#### TASK MATERIAL

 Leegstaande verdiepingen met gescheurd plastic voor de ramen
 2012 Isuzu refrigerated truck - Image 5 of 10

########
#### TASK MATERIAL

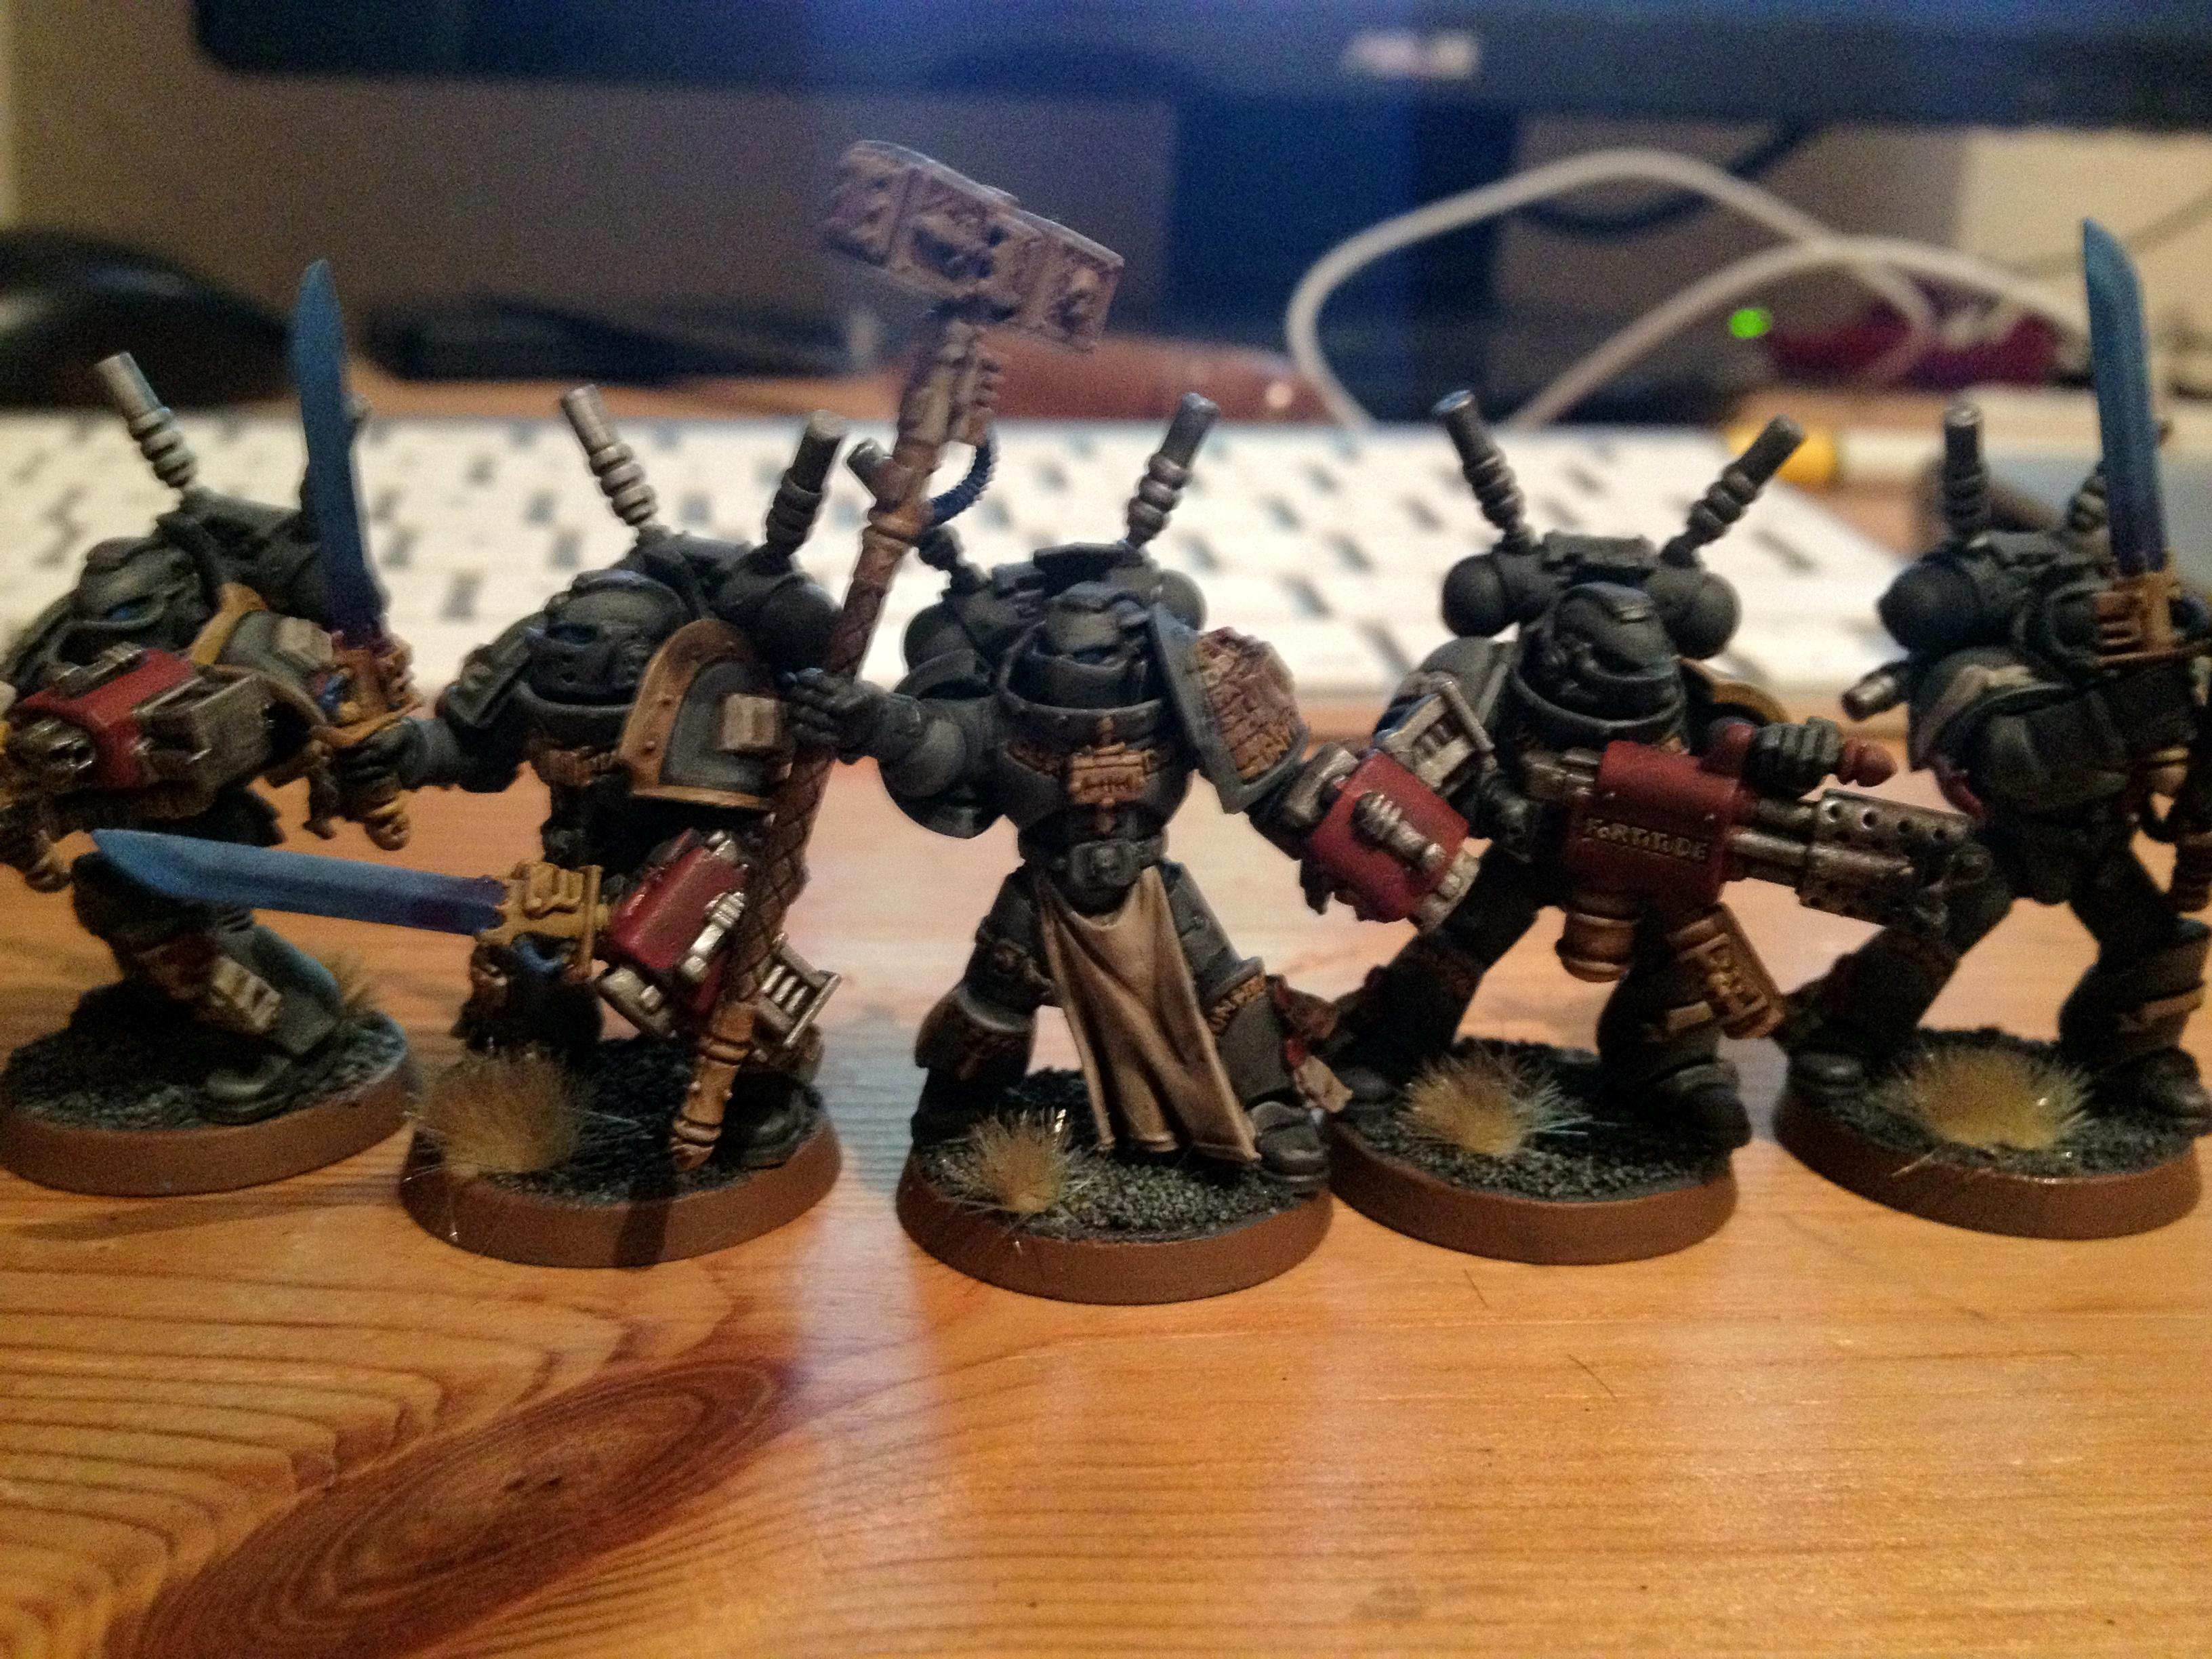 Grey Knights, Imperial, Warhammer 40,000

########

» EXERCISE:
The entries above hold a line with "Leegstaande verdiepingen met" and a later line with "2012 Isuzu refrigerated". Write out exactly those lines and all lines between, nothing more.

» EXERCISE ANSWER:
 Leegstaande verdiepingen met gescheurd plastic voor de ramen
 2012 Isuzu refrigerated truck - Image 5 of 10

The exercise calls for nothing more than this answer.